Obama did not explicitly reveal the drone base in his letter to Congress, but he said the U.S. troops in Niger would “provide support for intelligence collection” and share intelligence with French forces in Mali.

A U.S. defense official, speaking on condition of anonymity to provide further details about military operations, said the 40 troops who arrived in Niger Wednesday were almost all Air Force personnel and that their mission is to support drone flights.

The official said drone operations were “imminent,” but declined to say whether unmanned Predator aircraft had already arrived in Niger or how many would be deployed there. The drones will be based initially in the capital, Niamey, but military officials would like to move them eventually to the northern city of Agadez, which is closer to parts of northern Mali where al-Qaeda cells have taken root.

“That’s a better location for the mission, but it’s not feasible at this point,” the official said, adding that Agadez is a more remote city “with logistical challenges.”

The introduction of Predators to Niger fills a gap in the Pentagon’s military capabilities over the Sahara, which remains beyond the reach of its drone bases in East Africa and southern Europe.

The U.S. military has been flying a handful of small turboprop surveillance planes over northern Mali and West Africa for years, but the PC-12 aircraft are limited in range and lack the sophisticated sensors that Predators carry.

U.S. military contractors have been flying PC-12 surveillance aircraft from Agadez for several months.
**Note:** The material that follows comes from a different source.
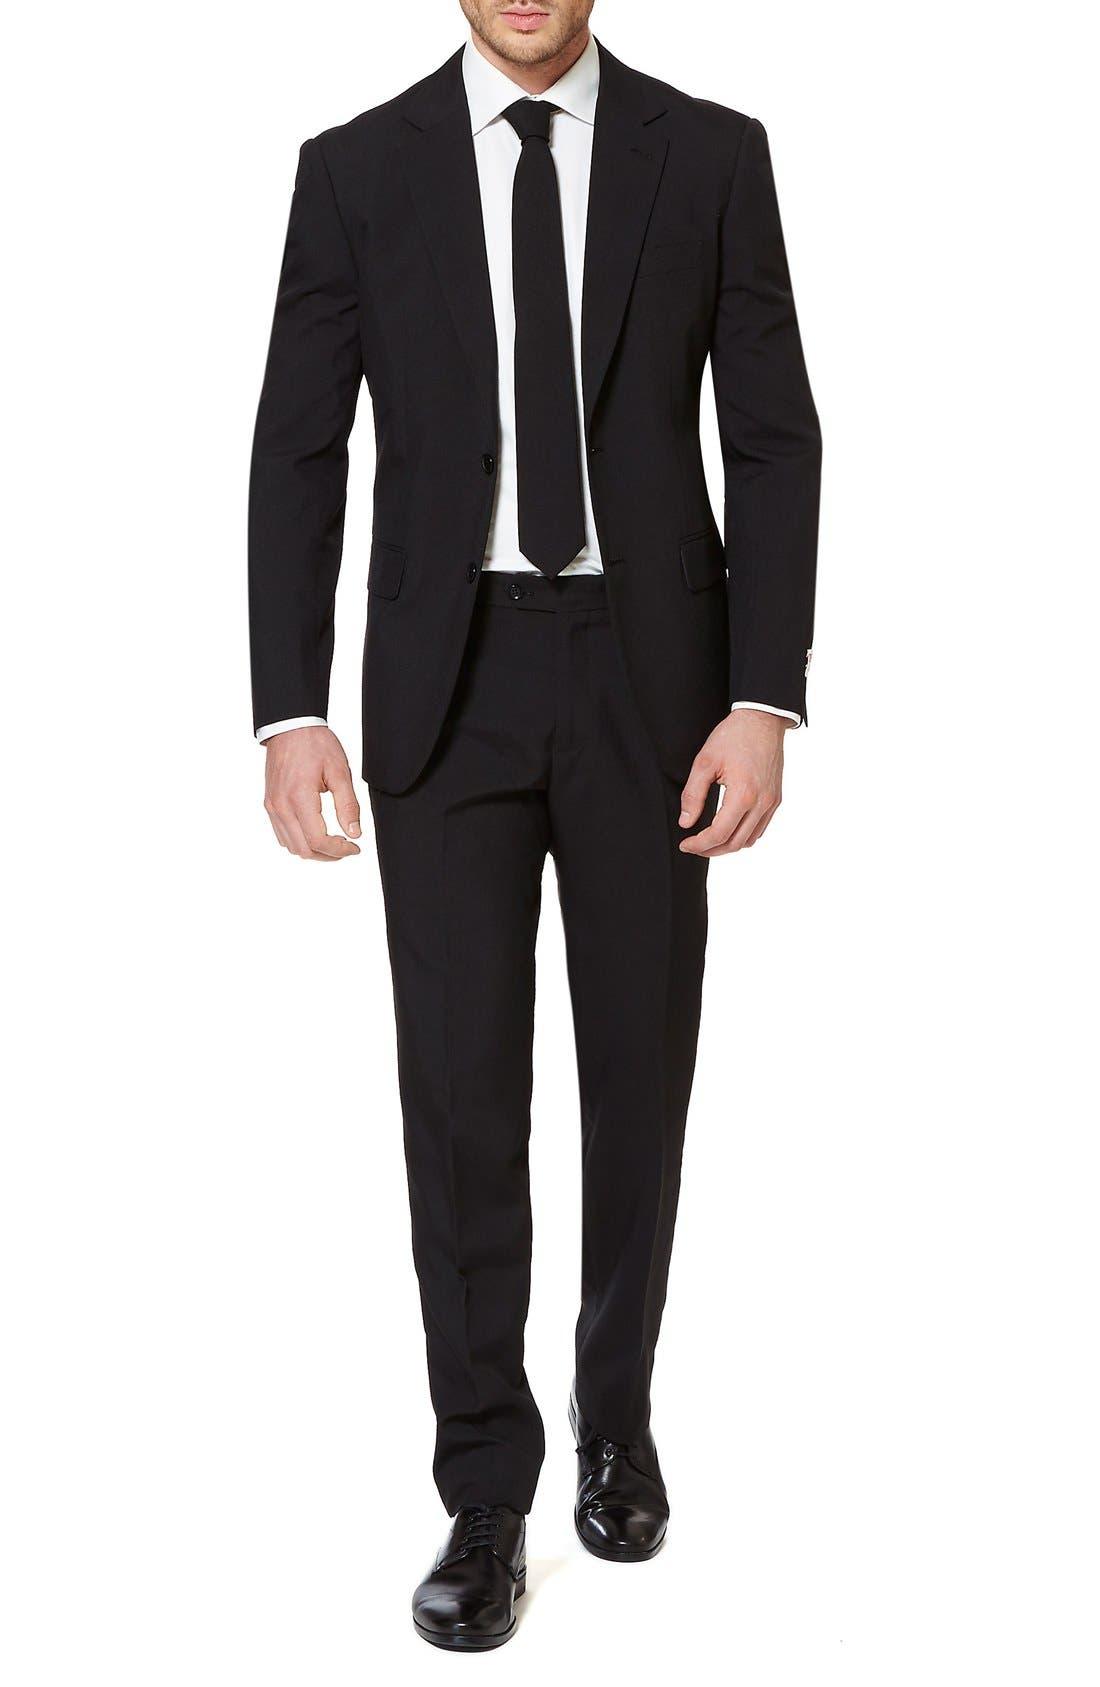 'Black Knight' Trim Fit Two-Piece Suit with Tie,                         Main,                         color, 001
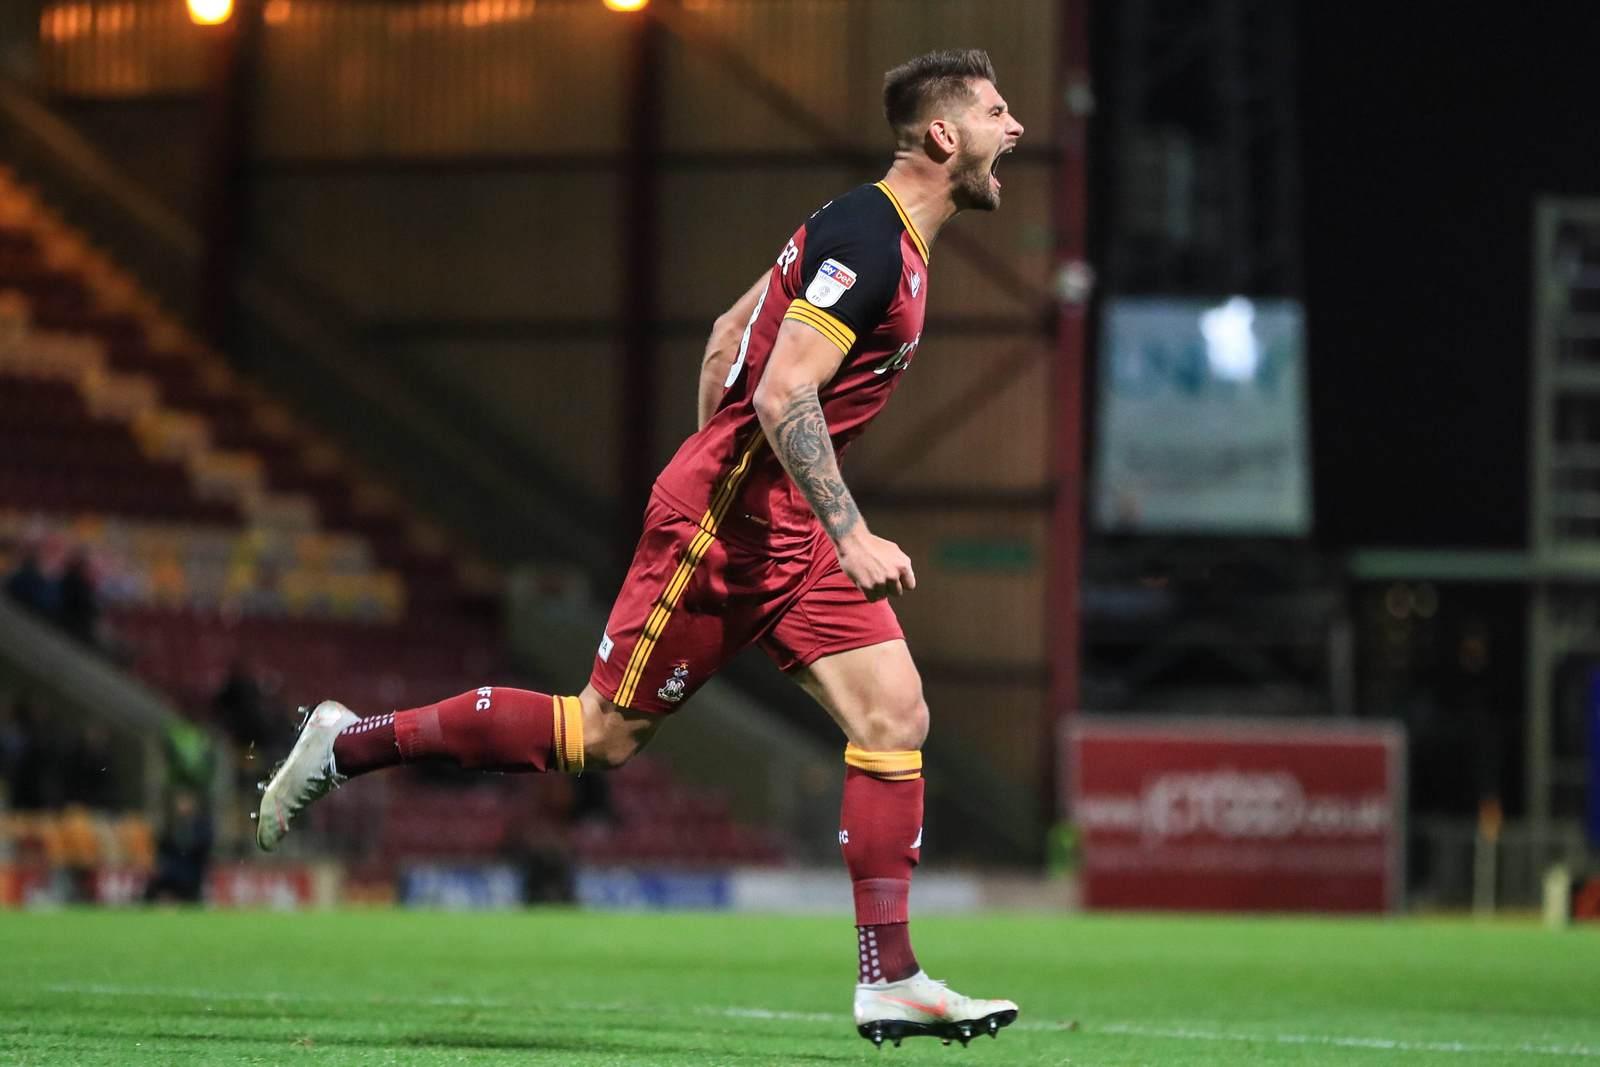 Kai Brünker jubelt für Bradford City

But those planes do not carry military markings and only require a handful of people to operate.

In contrast, Predators need ground crews to launch and recover the drones as well as to repair and maintain them. Those crews, in turn, require armed personnel for protection.

The U.S. defense official said it is likely that more U.S. troops will deploy to Niger, but declined to be specific. "I think it’s safe to say the number will probably grow.”

The Predators in Niger will only conduct surveillance, not airstrikes, the official said. “This is purely an intelligence gathering mission,” he said. Other officials said the Obama administration had not ruled out arming the Predators with missiles in the future.

Information collected from reconnaissance missions will be shared with the French and other African militaries so they can attack al-Qaeda targets, officials said.